The recommended approach to generating LLVM IR is simply not to try to
generate code in SSA form; see
http://llvm.org/docs/tutorial/LangImpl7.html#memory .

-Eli

Wayne,

The short answer is “copy instruction” (of which LLVM has none, outside of ADDs with 0, ORs with 0, etc.) never show up in SSA forms. You would have to specifically force your compiler to generate such instructions. I’ve never read the dragon book, but I expect such instruction sequences are there only for instructional purposes, not as anything a real compiler would ever generate. The only place copy instructions should be inserted is in lowering PHI instructions - which is often heavily coupled with register operations.
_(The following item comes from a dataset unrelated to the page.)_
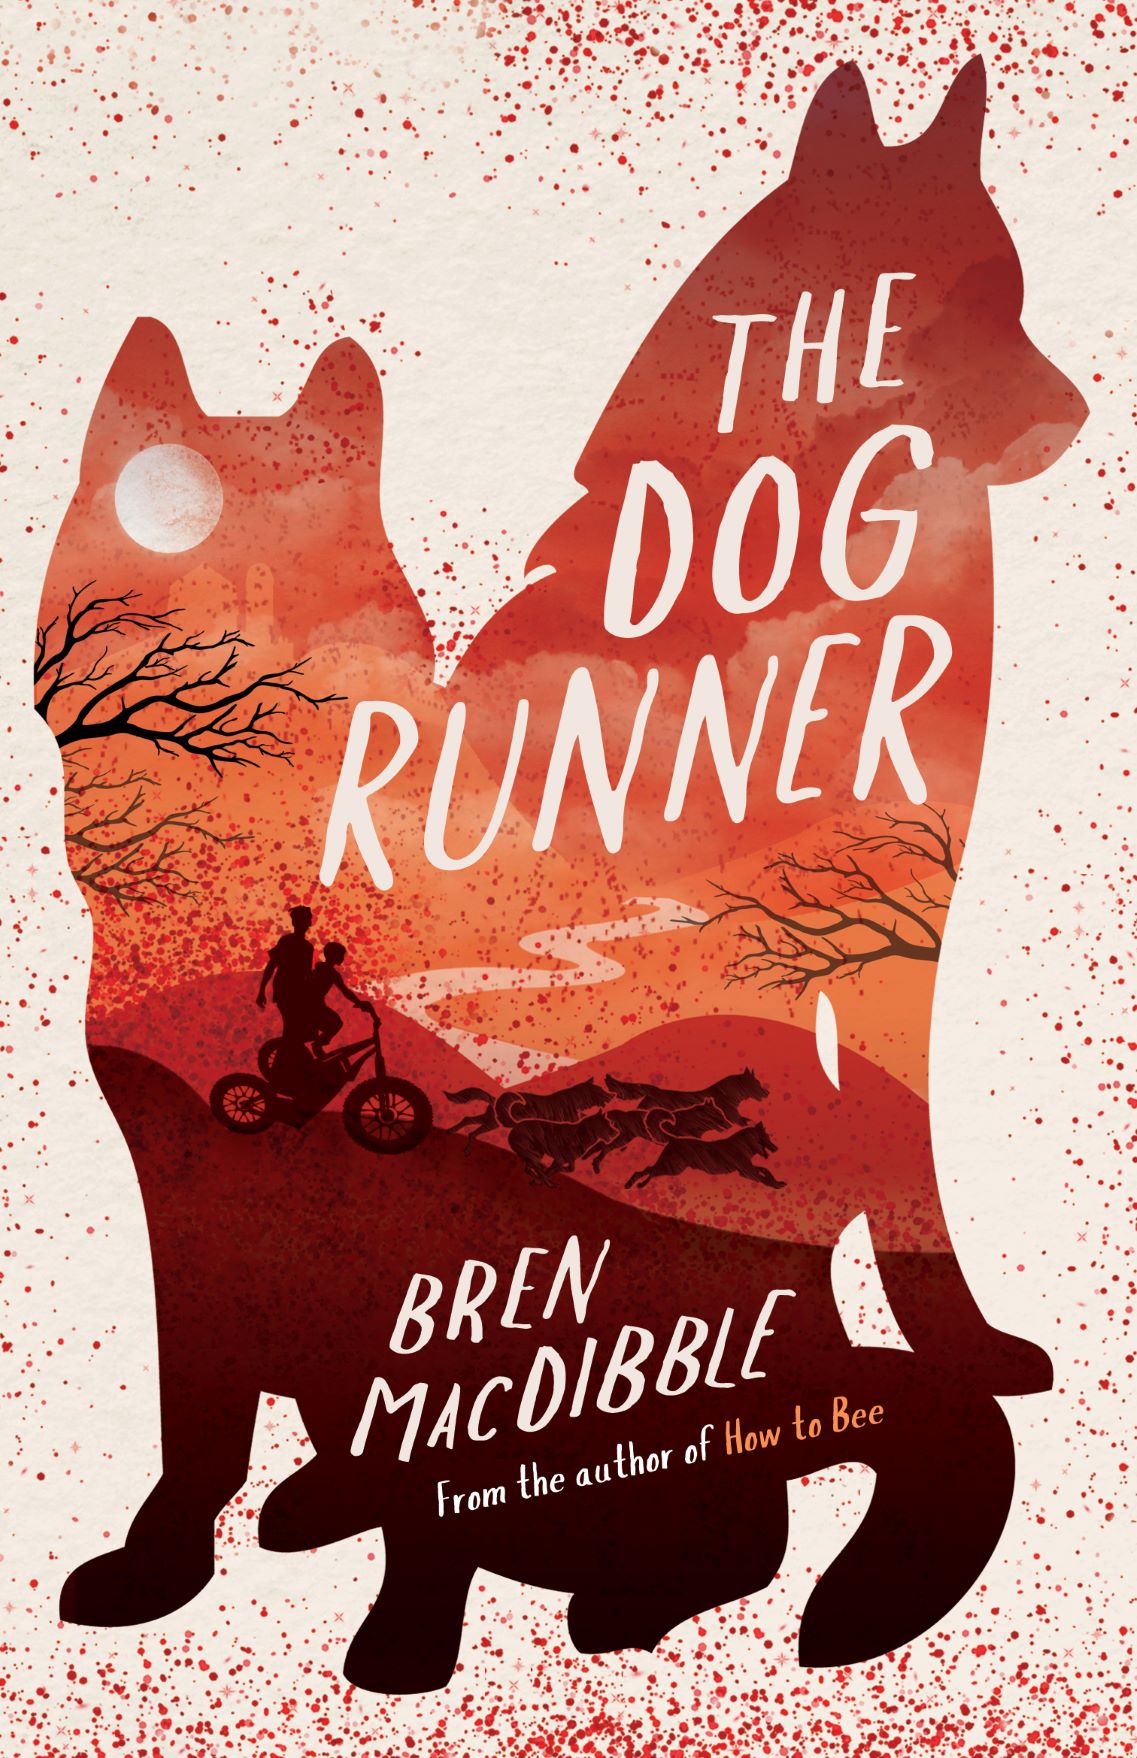 The Dog Runner, book cover

It looks as if you are giving exactly the right advice, as far as replacing the entry in the symbol table. As far as I know, this is not just the most obvious way to do it, but the only way when generating SSA form. The only time an assignment expression should involve generating a copy (move) is if you are directly emitting a linear IR (or machine code). Java and .NET both do this.

Hope this helps.

-Joshua

It is my understanding, the alloca memory routines are used
for forcing variables to be allocated on the stack frame – which
you would want for source level debugging.
When SSA registers are used, LLVM will decide what goes into
registers and what will spill over to the stack frame.
I want the latter.
–w

Wayne O. Cochran
Assistant Professor Computer Science
wcochran@vancouver.wsu.edu

The mem2reg pass will rewrite allocas and loads and stores to SSA
virtual registers. Essentially it's a transformation from non-SSA to
SSA form. That said, I don't know if you want your students to
implement their own SSA transformation.

Reid

That’s cool. The students grok the SSA thing fine – especially since all the var’s
in the language we’re translating from are immutable (functional style) which makes SSA fairly
straight forward; the phi instruction is needed in a few places where branching occurs.

Wayne O. Cochran
Assistant Professor Computer Science
wcochran@vancouver.wsu.edu